Getting over myself and doing things the easy way

During the summer, I usually spend a lot less time working on the computer. I’m outside instead, taking advantage of the short Canadian summer to garden and soak up sun while it lasts. When I do work on something, I keep it light and try new technology that piqued my curiosity just for the fun of it.

Poule-smallThis year, we also started keeping chickens, so my new project is to automate our chicken coop. The goal of this system is to automate the lights, and act as a weather station to collect information about the conditions inside and outside the coop. All of this will be controlled by a web application accessible from a smartphone. Ultimately, I’d like to automate the doors too, but it’ll require a bit more work.

It’s a fun project that allows me to dust up my neglected hardware skills. It’s been a few years since I’ve seriously worked with hardware: when I was last involved with microcontrollers and embedded computers, Arduinos were just starting to get popular. Since it’s been so long, it’s been interesting to see how my thinking has evolved.

Some background…

I have been a professional programmer all my working life, but I’ve studied electrical engineering AND programming. One could believe that all that theory from school would be useful, but it used to slow me down a lot: every time I would start a new project, I would first try to plan out how everything would go.

I would then start worrying about all the potential problems that could come up, get sucked down the rabbit hole and eventually quit working on it. If I didn’t knew much about electronics, I could have hacked things together until they worked and be satisfied, but I had the curse of knowing just a little bit too much.

Also, since I did spend a few years studying this, I felt an obligation to follow the “one true way” and make my own life as hard as possible. Why use Arduino and existing libraries when avr-gcc works just fine? Libraries are for wimps! If you’re not pouring over 100+ pages of datasheets, you’re not doing real electronics!

Getting over myself

All of this is completely ridiculous of course, especially if it’s a project you’re doing for fun.

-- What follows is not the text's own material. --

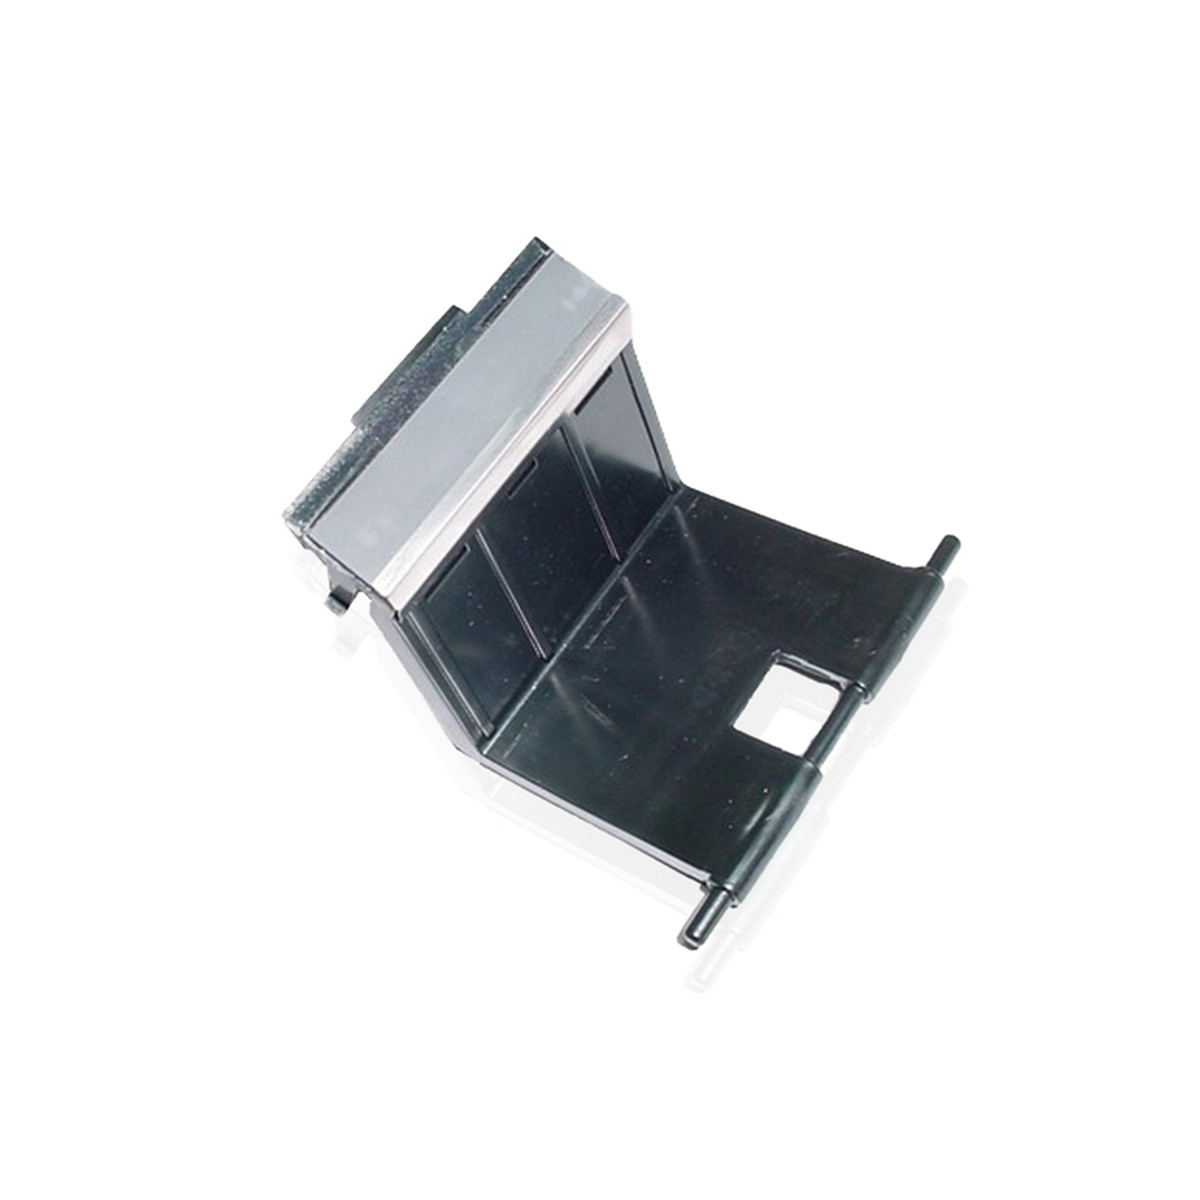 Separador de Papel Samsung SCX4200 ML1710 SCX4520 SCX4720 SCX4100 ML1510 | JC73-00140A | Compatível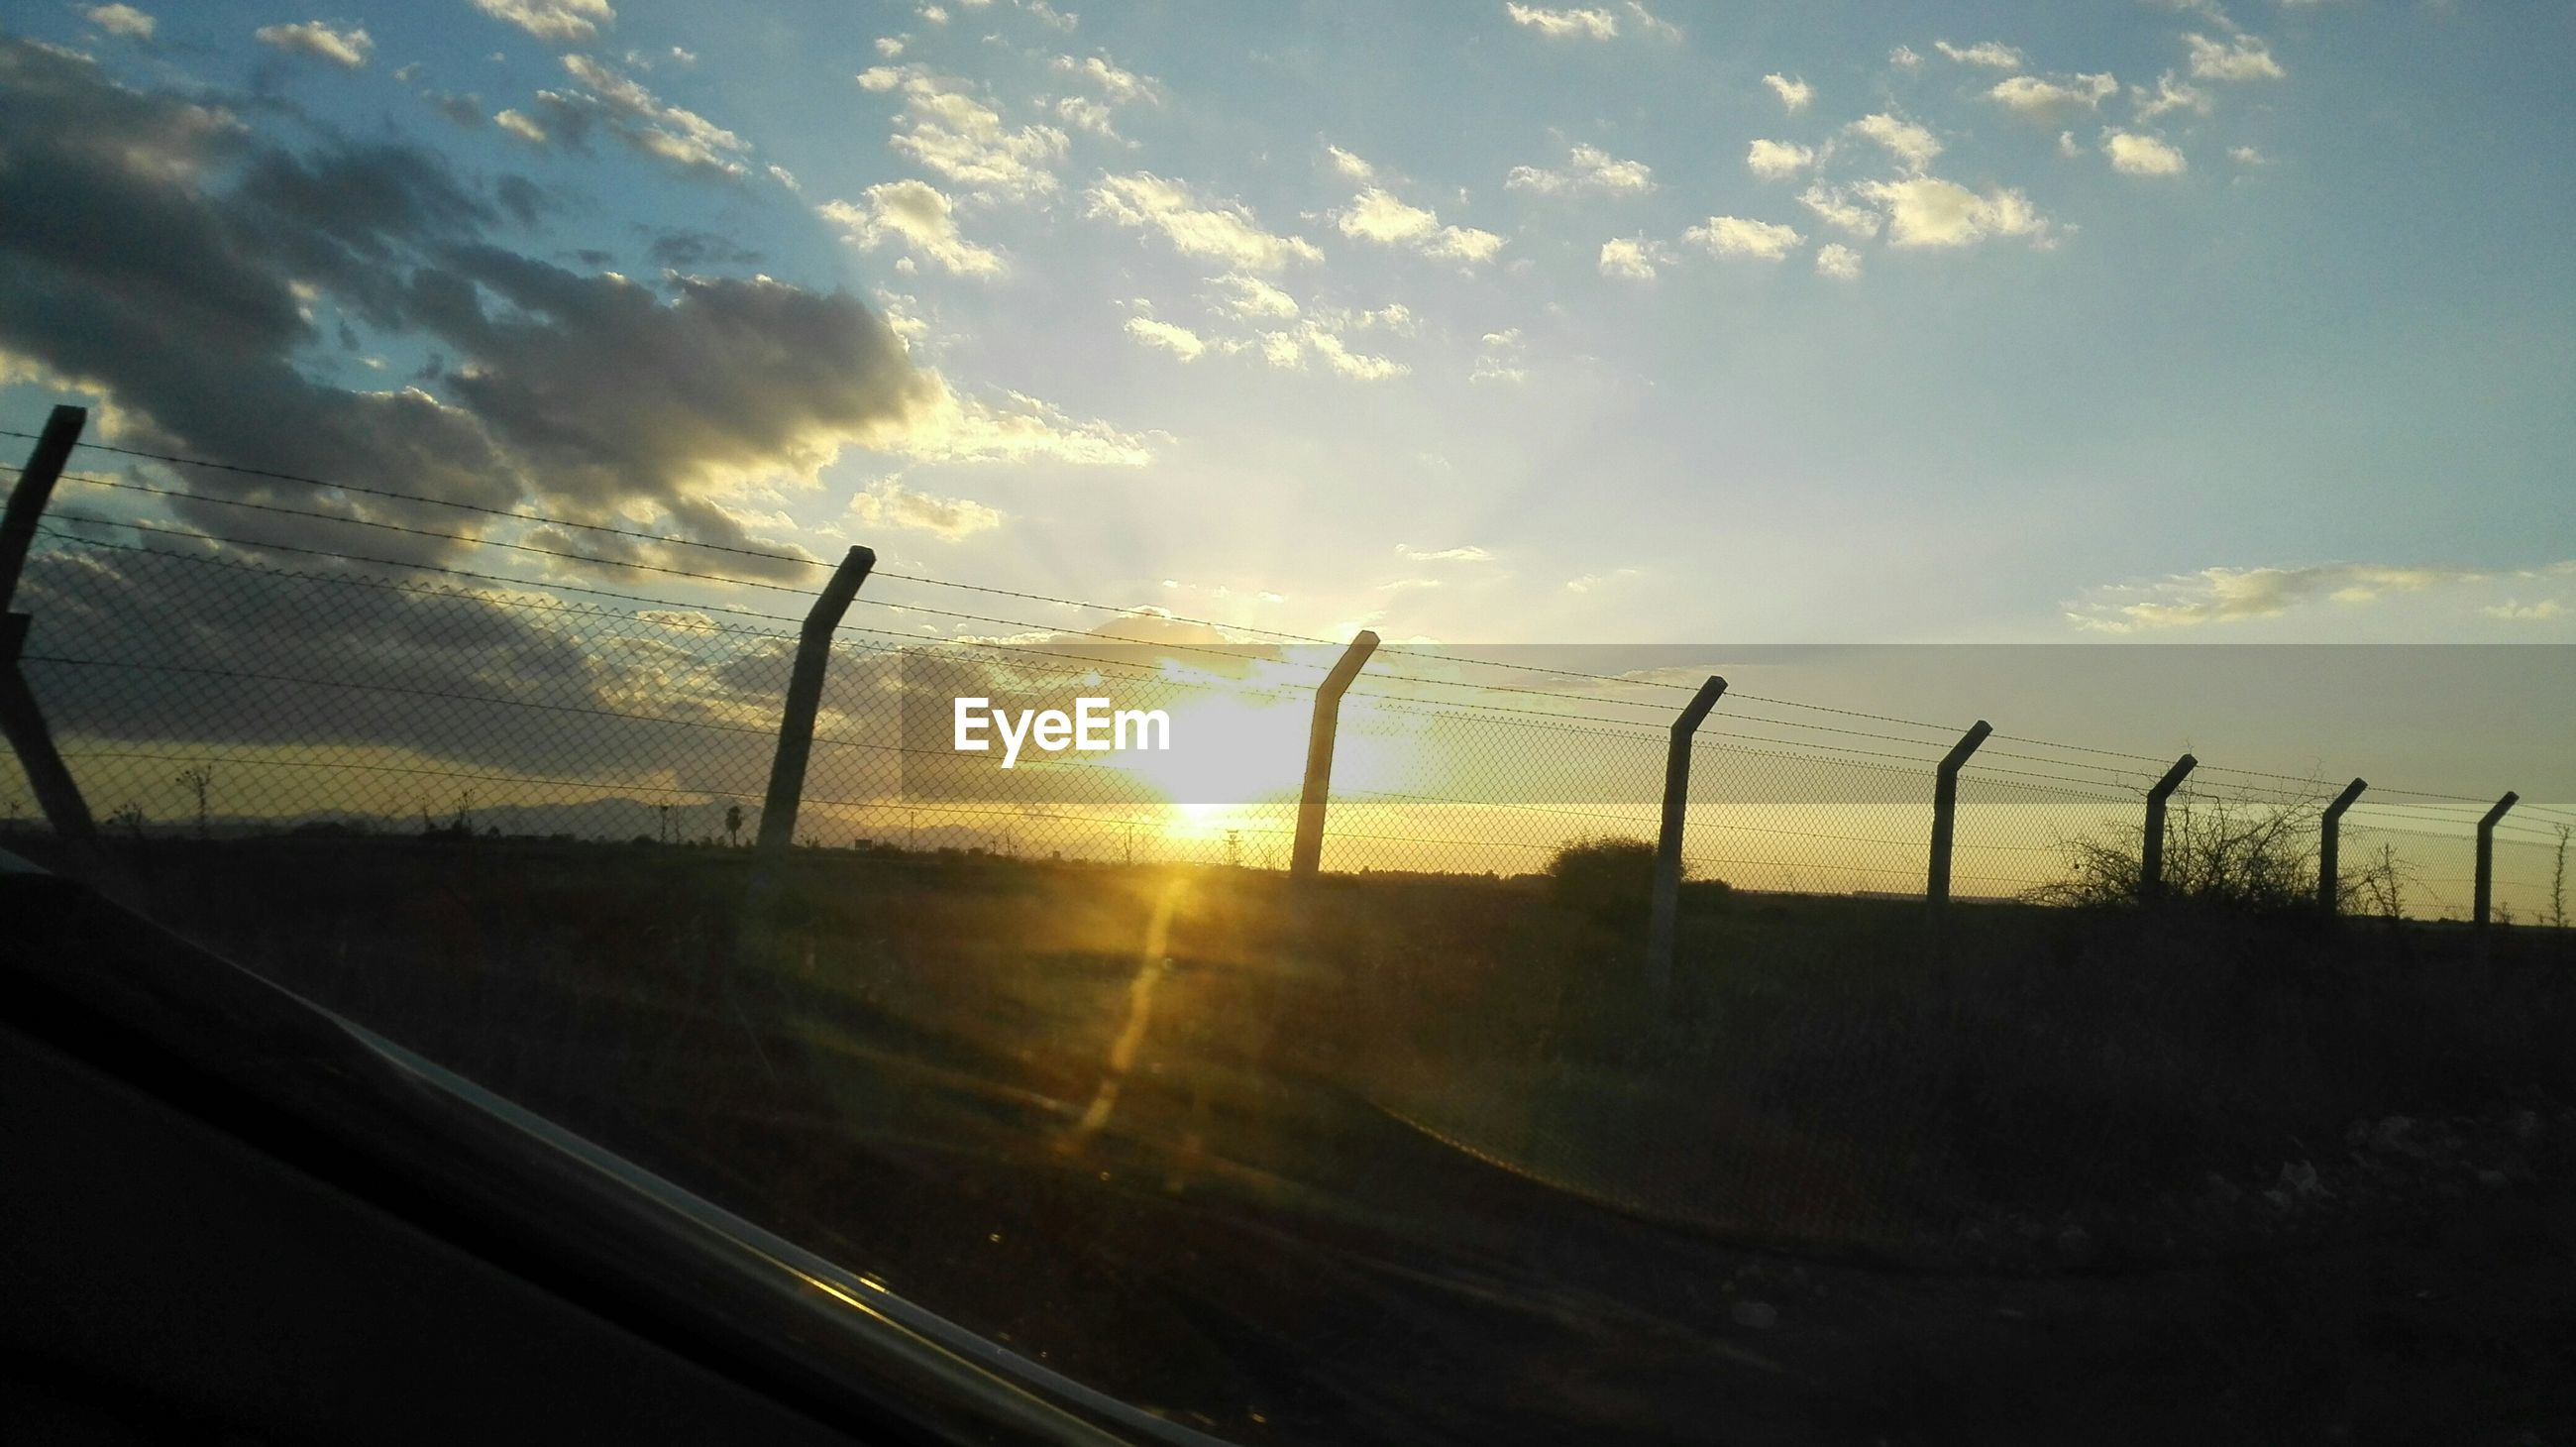 sunset, sun, silhouette, sky, sunlight, scenics, sunbeam, tranquility, lens flare, tranquil scene, orange color, nature, beauty in nature, cloud - sky, fence, idyllic, landscape, back lit, outdoors, no people

I’m thankful there are standards and good practices for commercial products: I don’t want my oven to set the house on fire or interfere with my smartphone. But if you’re just looking to learn and experiment, you can’t do much damage with a 5V circuit. Maybe you’ll burn a few components, but that’s life.

Looking back, I see a lot of similarities with how people are told to learn to program or to start using a new language, cramming in too many computer science patterns and practices before getting started. Trying to learn theory without balancing it with practical work on real software is a dangerous pitfall that will stop you from progressing. If you have too many things to keep in mind at once, you’ll start worrying about how your project will collapse under its own weight because of your spaghetti code, even if you’ve barely gotten started.

In the end, you’ll stop yourself from shipping projects even if you don’t have any users yet. You’ll start believing that you must understand everything to perfection before getting started, and that no shortcuts are allowed, ever. That makes it really hard to keep learning and growing.

As a programmer, you’ll learn where you can cut and where you must put more effort with experience. This can’t be learned from books and courses, you have to see it for yourself. There is a time and place for implementing things yourself because you wish to learn more or because it’s a critical part of your project, and another for using code someone else has written and that is good enough.

Thankfully, I’ve gotten over myself and I’m now more laid back about using hardware and code other people made. For this project, I’ve been using some great open source code from the Arduino community instead of trying to reinvent the wheel, and it’s been a blast. Hopefully, I’ll bring this one to the point where I can use it!